Here, $\frac{\eta }{{\eta }_0}$ denotes the non-dimensional wave elevation.

2.3. Description of GA

A real-coded Genetic Algorithm (RGA) proposed in Zhang et al. [19] is adopted to minimize the wave drift force acting on the four-column structure by optimizing the dimensions of the structure. The set-up of this algorithm is as follows:

2.3.1. Initial Population

A series of initial individuals composed of variables are generated randomly in the search space. An individual denotes a potential solution to the problems. In this study, the number of the initial individuals is 100.

2.3.2. Operators

Genetic algorithm (GA) is an intelligent optimization algorithm, which mimics the process of natural selection. The roulette selection operator, the real-value crossover, the real-value mutation operator and elitism are employed in this study. Here, elitism means that the best individual composed of certain variables can always be reserved to avoid being broken by the crossover and the mutation operators.

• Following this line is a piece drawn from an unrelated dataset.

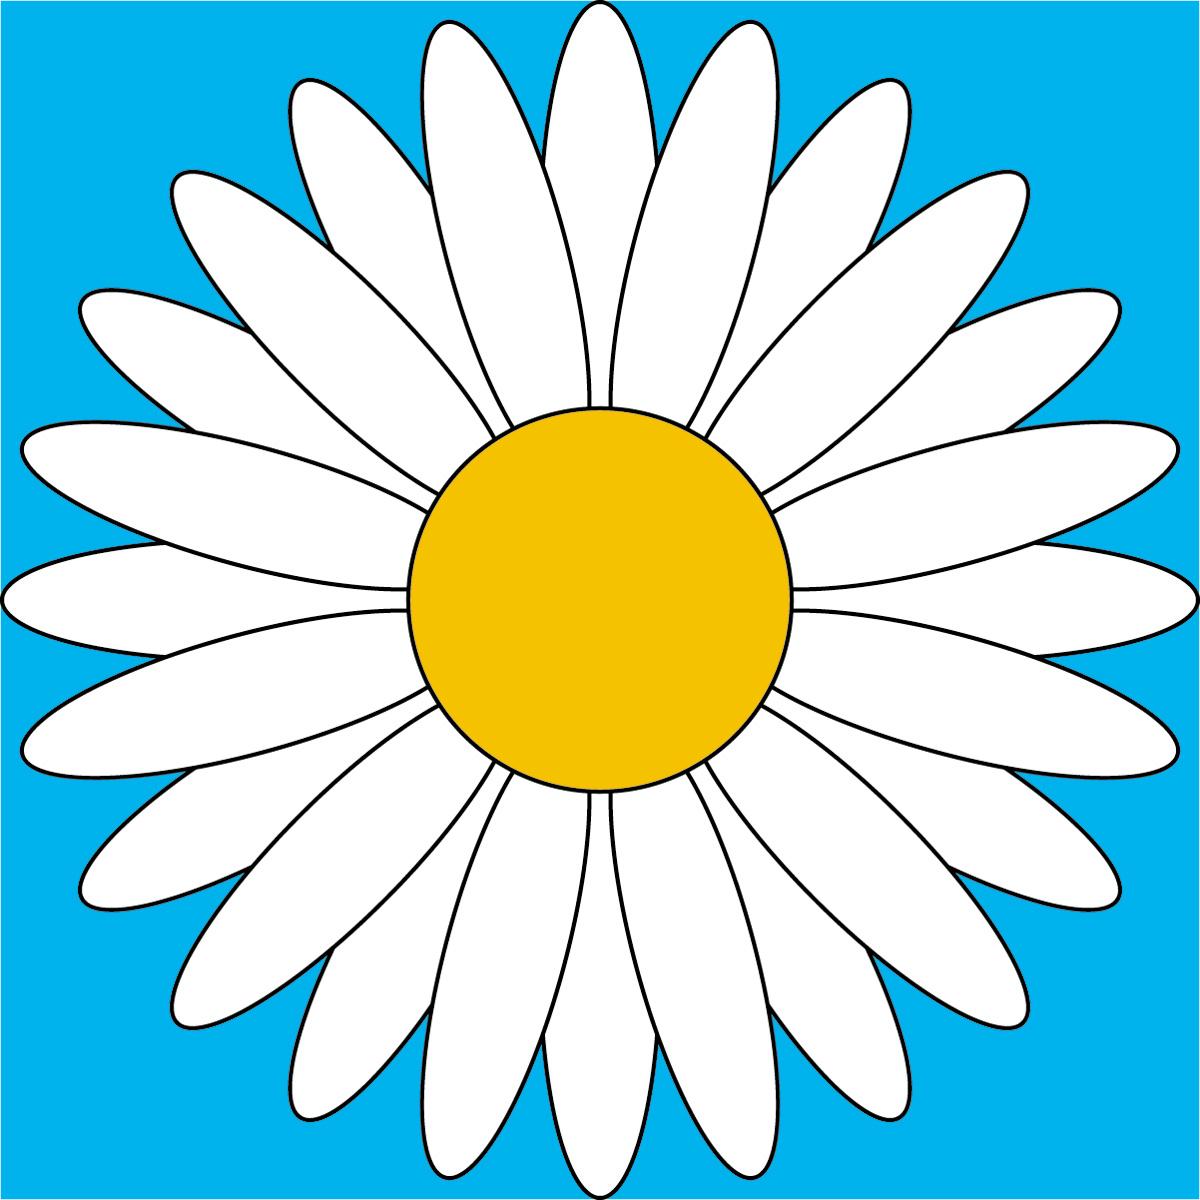 Free Daisy Clipart Public .-Free daisy clipart public .-14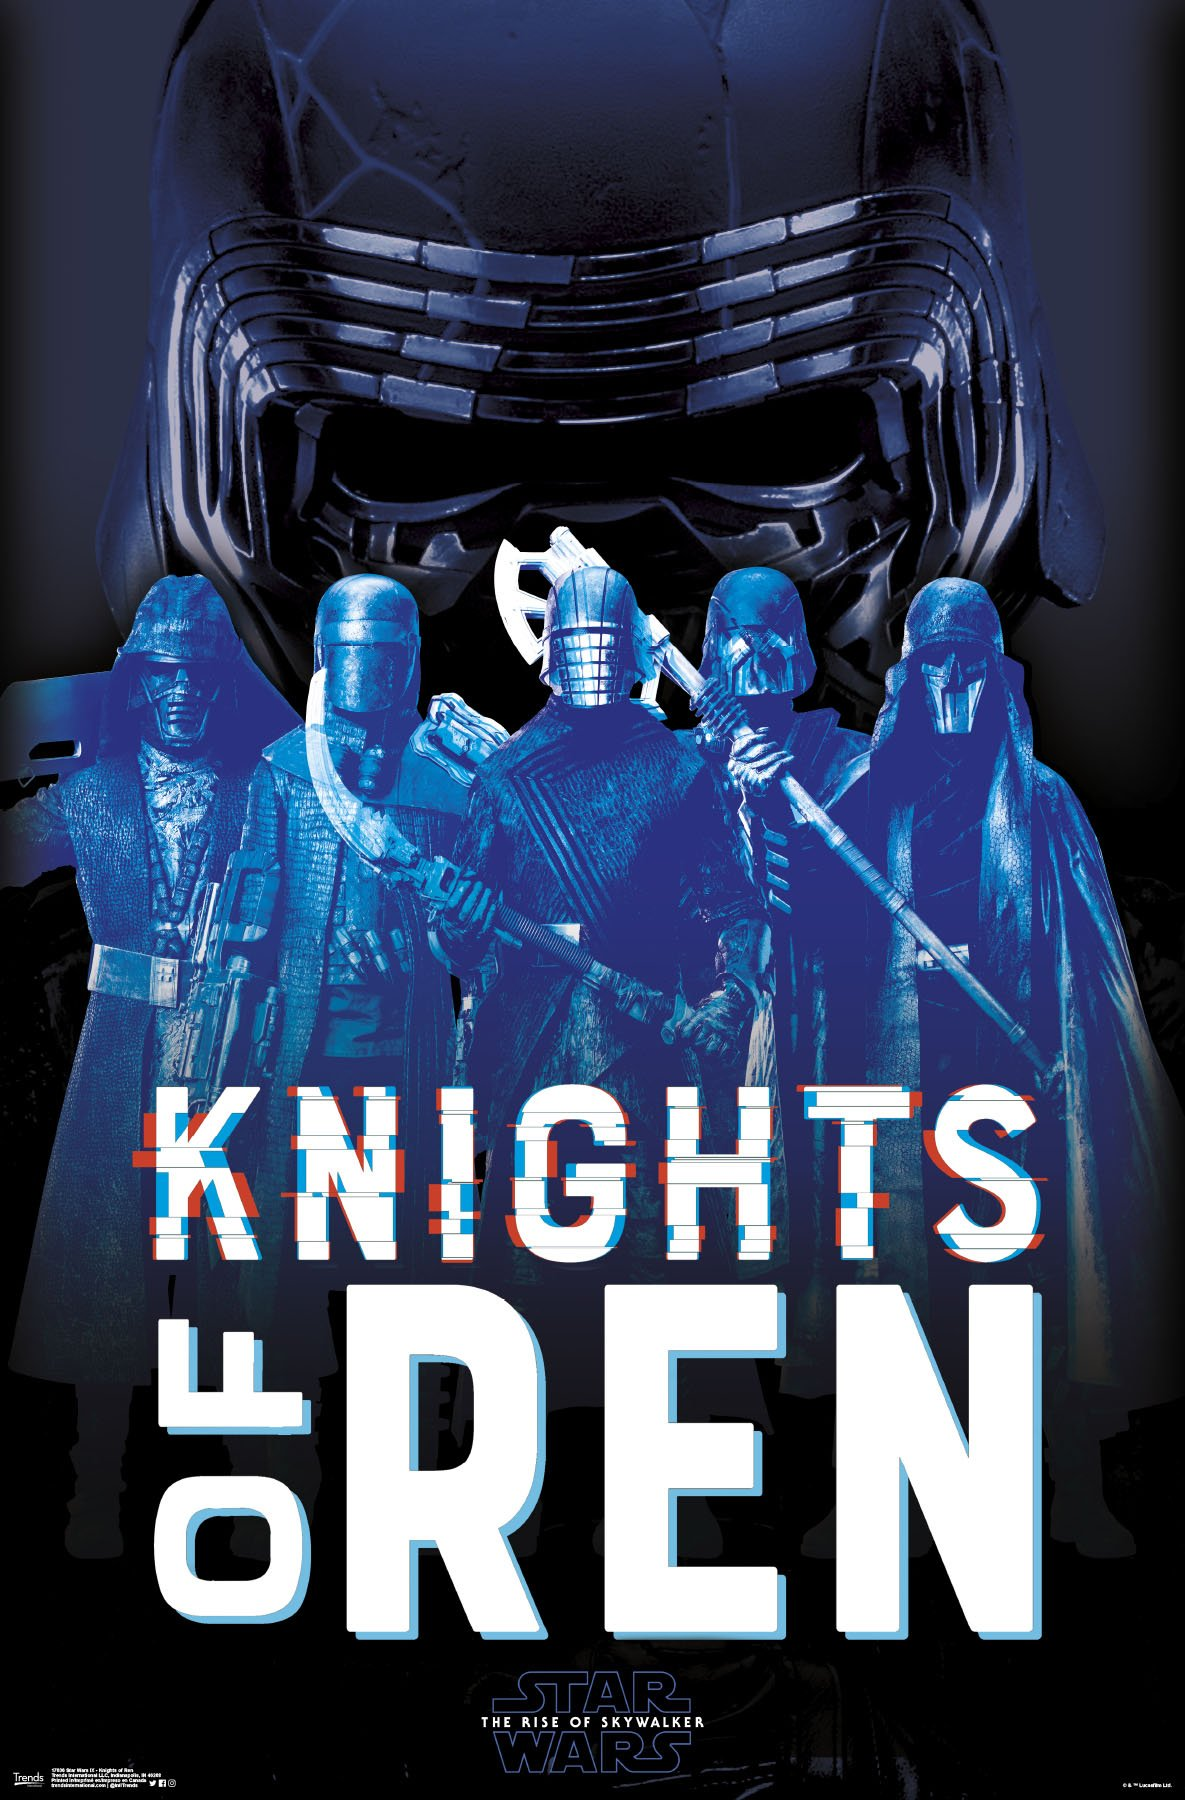 Star Wars Knights Of Ren poster

2.3.3. Variables and Objective Function

In the present optimized progress, three dimensional parameters d, L and $\beta$ are selected as the variables, while the absolute value of the wave drift forces acting on the whole structure is selected as the objective function. By optimizing d, L and $\beta$, the minimized wave drift force on the four-column structure can be obtained.

2.3.4. Constraints

The arrangements of the four cylinders are limited to the geometric constraints that the adjacent cylinders can not overlap. The locations of the four cylinders are decided by L and a. Thus, the constraints of these two variables can be mathematically described as follows, $\sqrt{2}L>2a$.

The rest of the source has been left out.